– Priyanka Edupuganti (Hyderabad)

Amaravati table top model: built-in knowledge city
On april 7, 2026 president Droupadi Murmu gave assent to the Andhra Pradesh Reorganisation (Amendment) Act, 2026, formally designating Amaravati as the sole and permanent capital of Andhra Pradesh. Passed by both Houses of Parliament in Delhi, the amendment revises the original 2014 legislation and conclusively replaces the three-capitals framework of the previous YSR Congress government (2019-24), bringing to an end a decade-long policy ambiguity over the state’s administrative capital.
The back story of this historic decision is that after the bifurcation of undivided Andhra Pradesh into Telangana (pop.38-39 million) and Andhra Pradesh (50 million) in 2014 — following an uneasy interregnum of ten years when Hyderabad served as the joint capital of the two states — the latter was without a capital, as Hyderabad, the economic, administrative and cultural hub of undivided Andhra Pradesh was awarded to Telangana. Andhra’s loss was not merely geographic; it stripped the new state of its established ecosystem of universities, industries and governance infrastructure.
Over the subsequent decade, the question of a permanent capital remained unsettled, with policy oscillations between centralised and decentralised models. The recent decision of the Telugu Desam Party (TDP) government led by two-term chief minister of undivided Andhra Pradesh and since 2024 of new AP, N. Chandrababu Naidu to reaffirm Amaravati as the sole capital marks a decisive closure of prolonged uncertainty
Returned to office in 2014, Naidu was tasked with rebuilding a state without a capital or established ecosystem. However in 2019, Naidu and the TDP suffered a massive defeat in new Andhra Pradesh’s legislative assembly election with the YSR Congress Party securing a huge 151-seat majority in the assembly. The YSR Congress and Chief Minister Y.S. Jagan Mohan Reddy vetoed the Amaravati proposal introducing a three-cities capital envisioning Visakhapatnam as the executive capital, Amaravati as the legislative capital, and Kurnool as the judicial capital — a model of decentralised development. However, according to most academics and policy pundits, the three-capitals experiment proved unworkable in practice, prompting administrative delays, increased logistical costs, and diluted institutional focus.
Five years later in the state’s legislative election of 2024, TDP led by Naidu was returned to power with a massive majority of over 130 seats in the 175-strong legislative assembly, enabling a policy reset and resurrection of his plan to establish Amaravati as the sole capital, revive stalled infrastructure projects, and simultaneously push education and innovation-led initiatives.
Naidu’s renewed capital push is not merely an exercise in administrative consolidation; it is being framed as the foundation of a broader human capital development strategy.

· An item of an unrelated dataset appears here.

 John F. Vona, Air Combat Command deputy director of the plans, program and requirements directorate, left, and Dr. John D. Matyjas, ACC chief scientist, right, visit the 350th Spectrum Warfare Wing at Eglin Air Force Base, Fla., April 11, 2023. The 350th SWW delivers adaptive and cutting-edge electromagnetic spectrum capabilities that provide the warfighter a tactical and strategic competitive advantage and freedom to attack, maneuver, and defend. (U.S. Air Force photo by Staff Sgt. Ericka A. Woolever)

Both Naidu and his Stanford and Carnegie Mellon University-educated son and education minister, Nara Lokesh, have placed education at the centre of Andhra Pradesh’s long-term development plan with the explicit goal of transforming the state into India’s most highly educated and skill-intensive economy. In this context, Amaravati is envisioned not just as a seat of government, but as a deliberately designed knowledge capital being constructed with a substantial budget of Rs.50,000 crore.

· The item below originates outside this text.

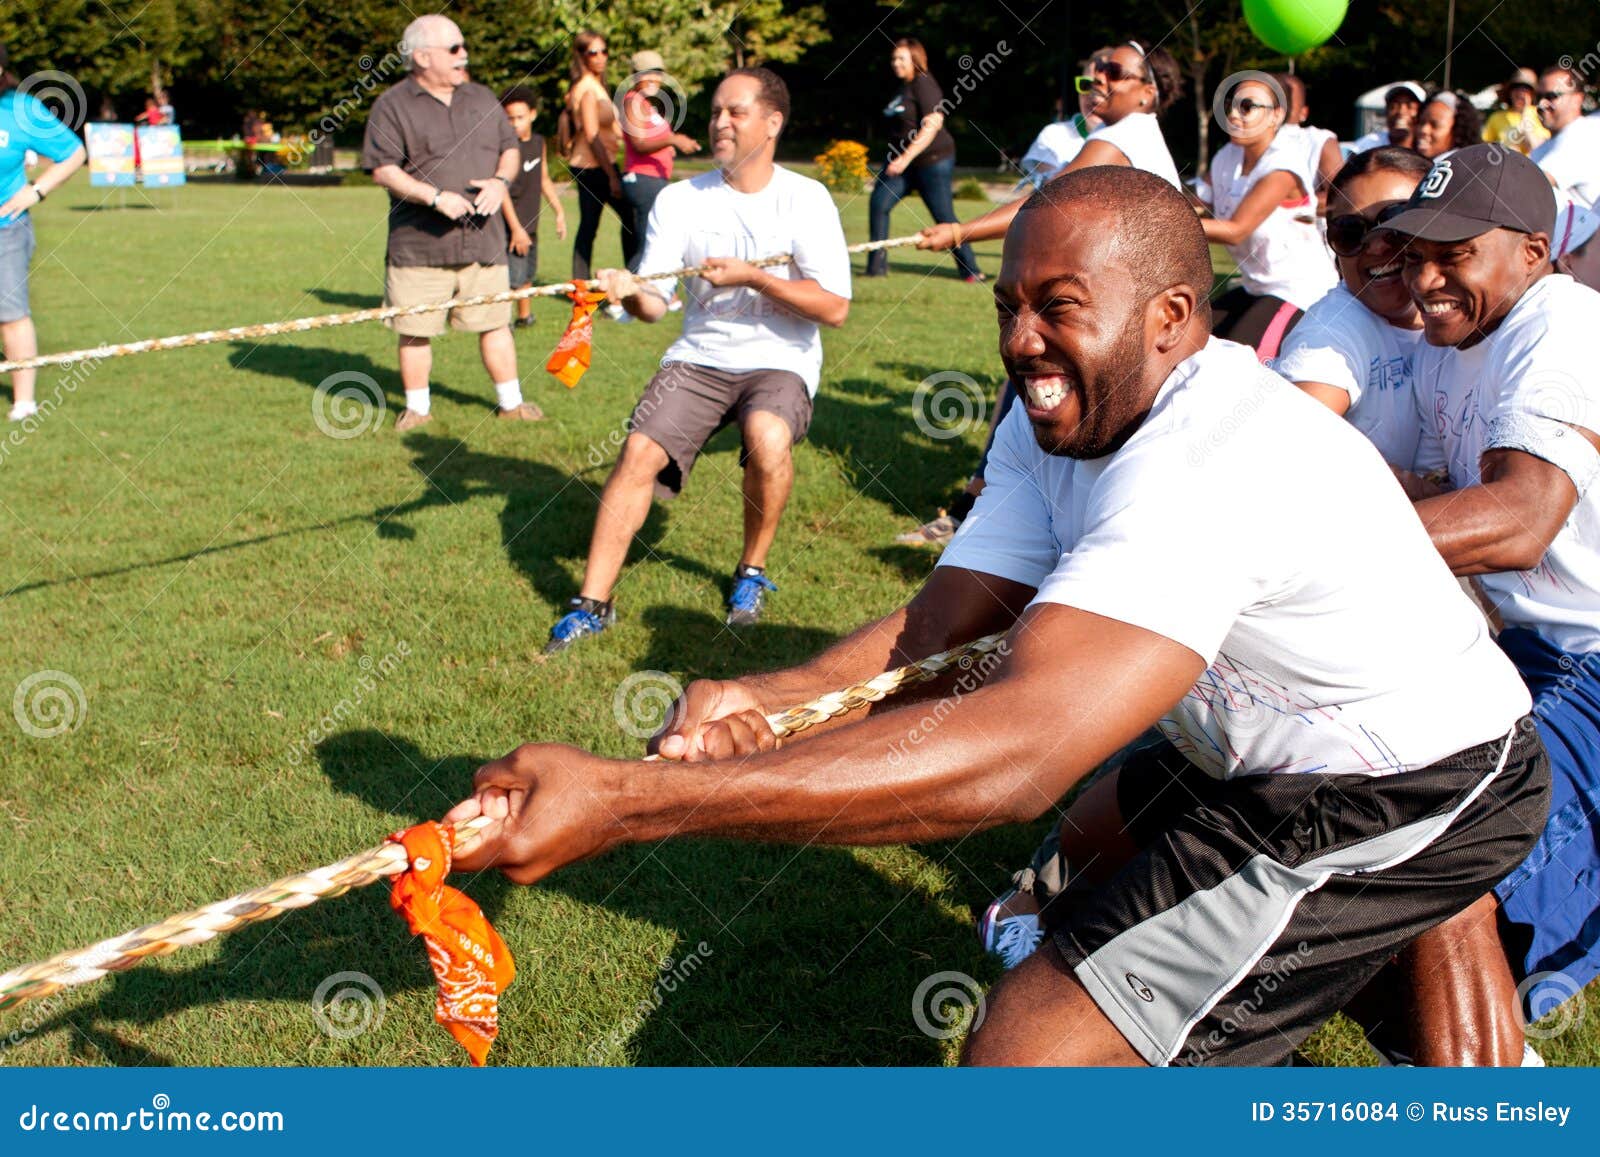 Tug-of-War Teams Pull Rope in Summer Fundraising Event Editorial

Dr. Carol Upadhya, professor of sociology at the National Institute of Advanced Studies, Bengaluru sounds a note of warning. “In large-scale planned cities, there is often a tendency for physical infrastructure and land development to take precedence, with knowledge institutions such as universities and research ecosystems expected to follow later. However, it is advisable for education institutions to be planned and built as a foundational layer from the outset. This will prevent Amaravati from evolving primarily as an administrative and real estate project before it matures into a knowledge hub,” says Upadhya.
It’s well-accepted that 21st century India’s next growth spurt will not come from its overcrowded and unkempt metros and large cities but tier-I and tier-II habitations. After Chandigarh was designed and constructed by brilliant French architect Le Corbusier in the 1950s, no new towns or cities have sprung up on Indian soil to relieve the country’s hard pressed 374 cities with over 1 million population.

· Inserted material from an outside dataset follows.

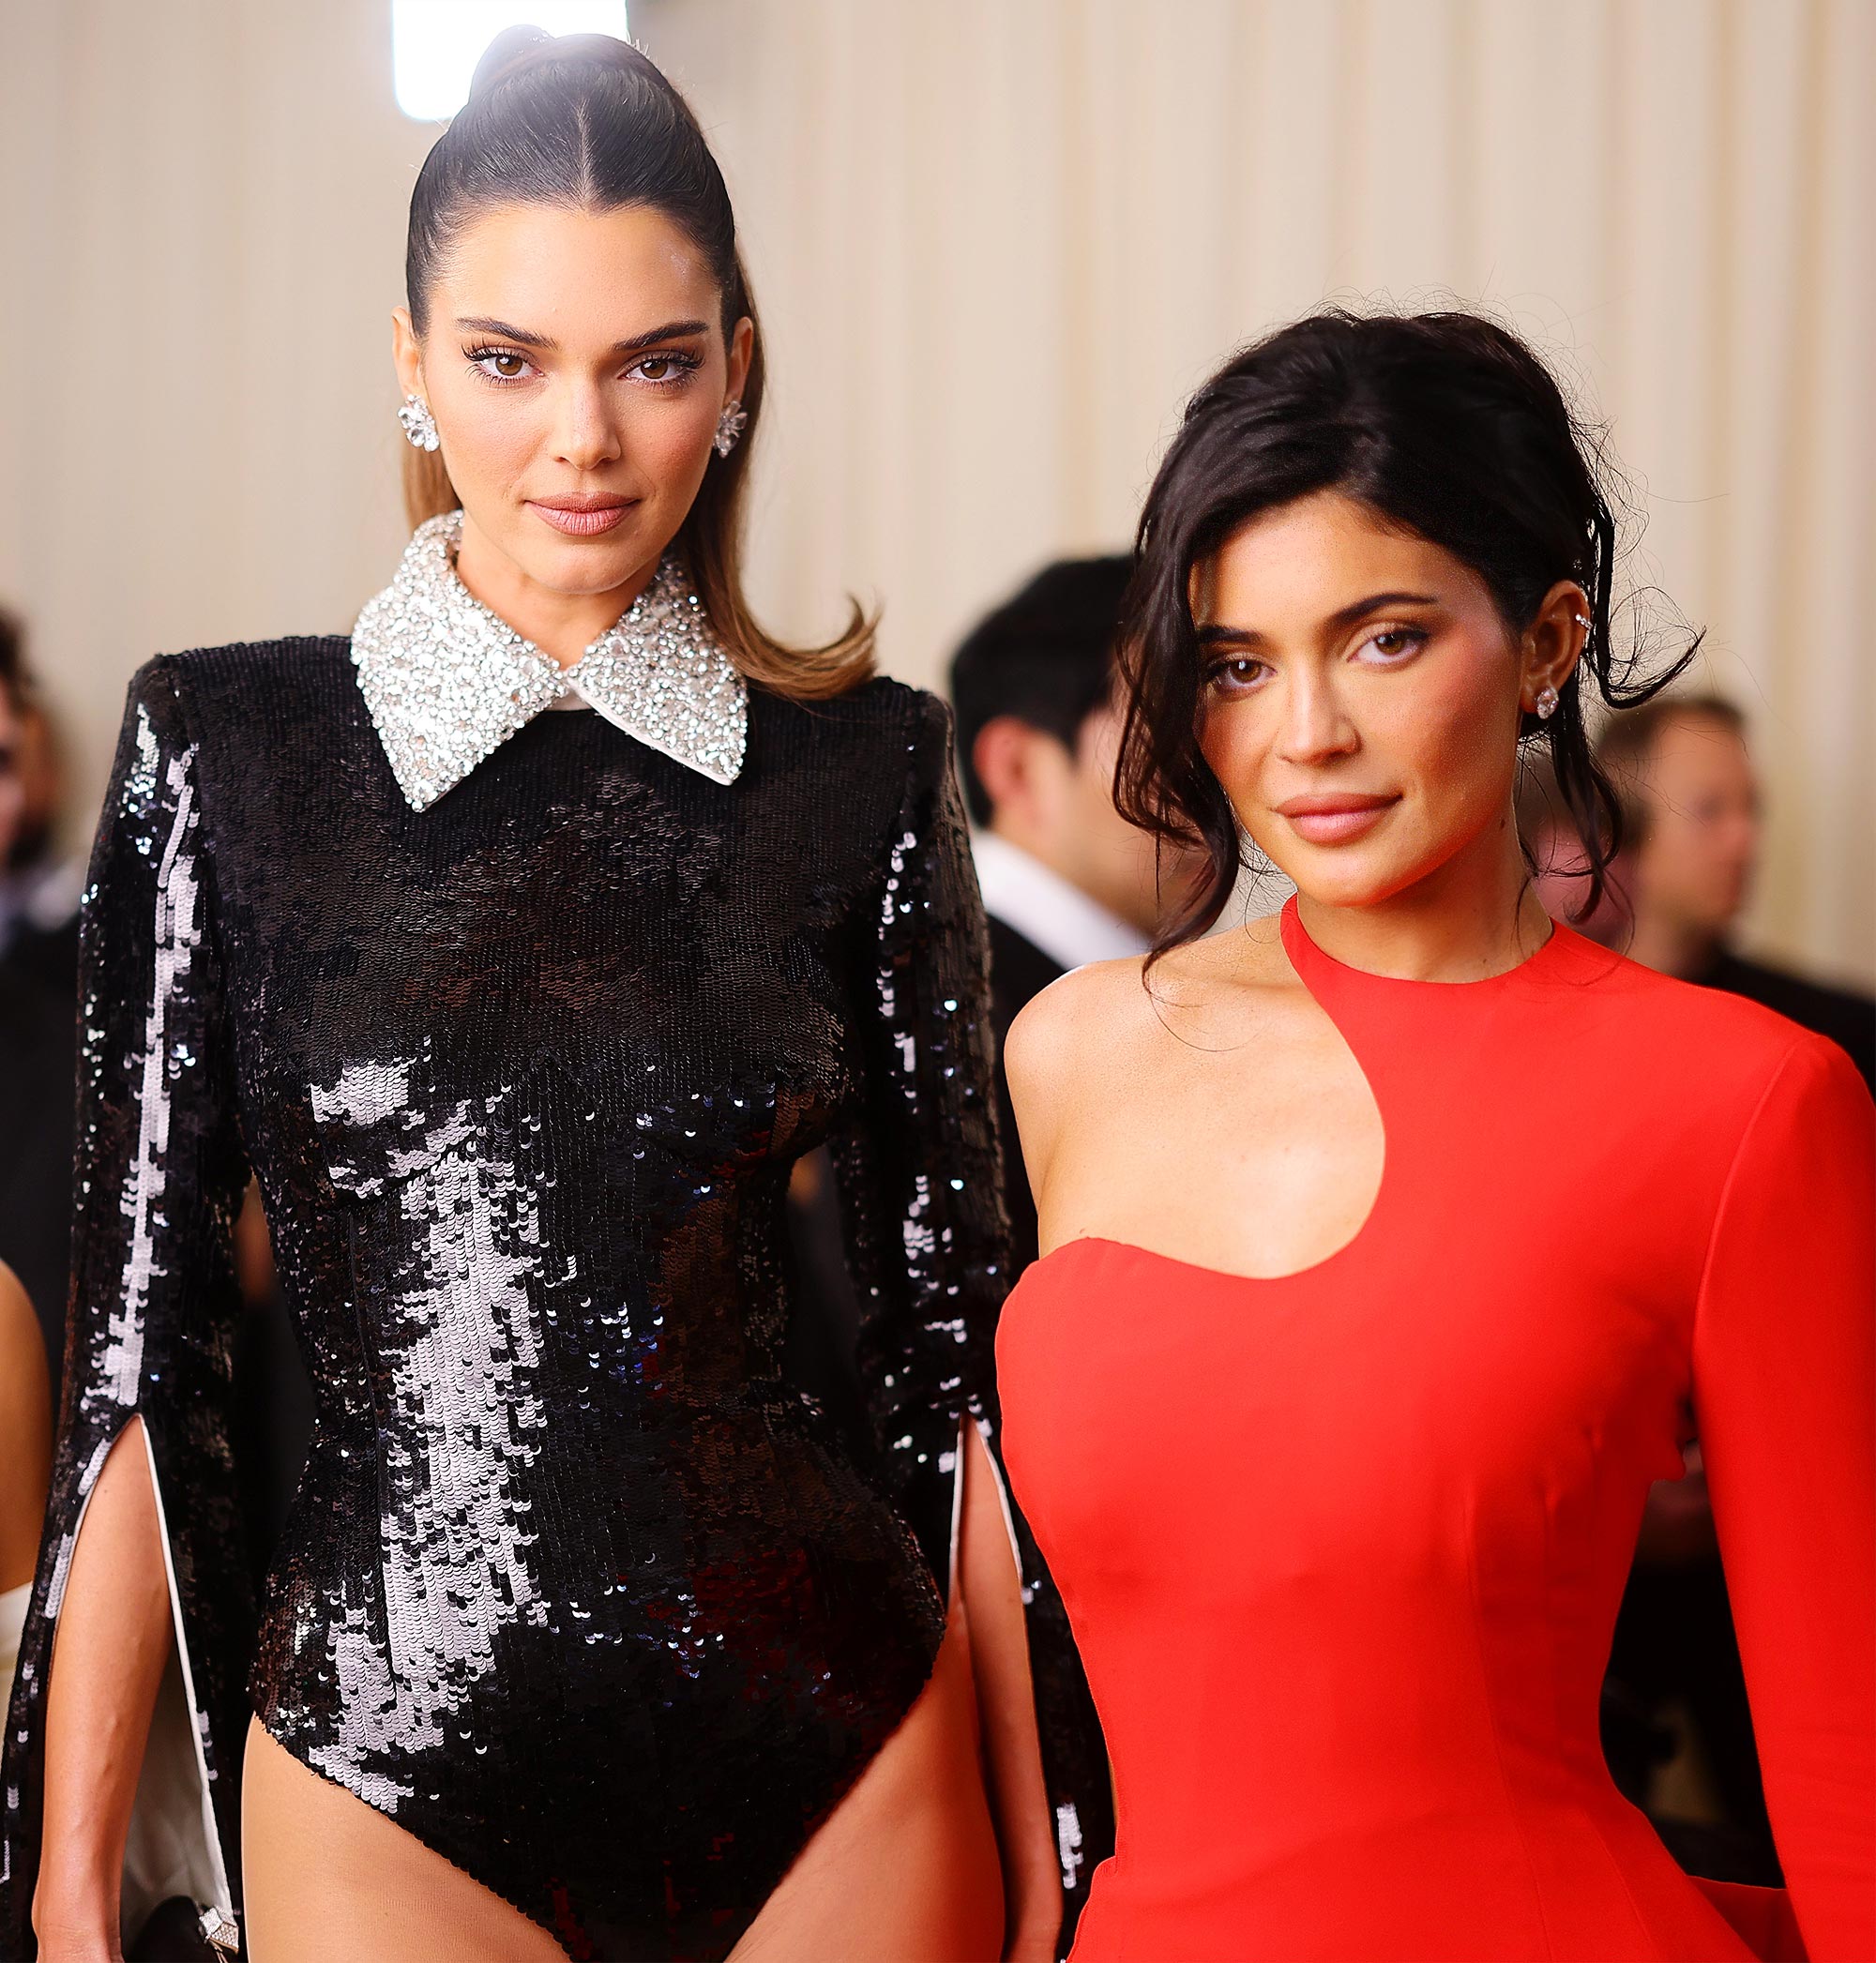 See Kendall and Kylie Jenner Compare Their Styles — With Accessories

This time round, some of the world’s most respected town planners/architects including Surbana Jurong, a Singapore-based urban planning giant, which has prepared the overall city master plan (land use, zoning, transport networks, and urban structure); Norman Foster & Partners (legislative assembly, high court and secretariat) and Hafeez Contractor (local partner and collaborating architect) are designing AP’s new capital.
If Amaravati emerges as a well-planned state capital offering rare ease of living and a knowledge hub — as seems likely — Naidu won’t only quickly vault AP into India’s most developed state, but also earn a place of honour in history yet to be written.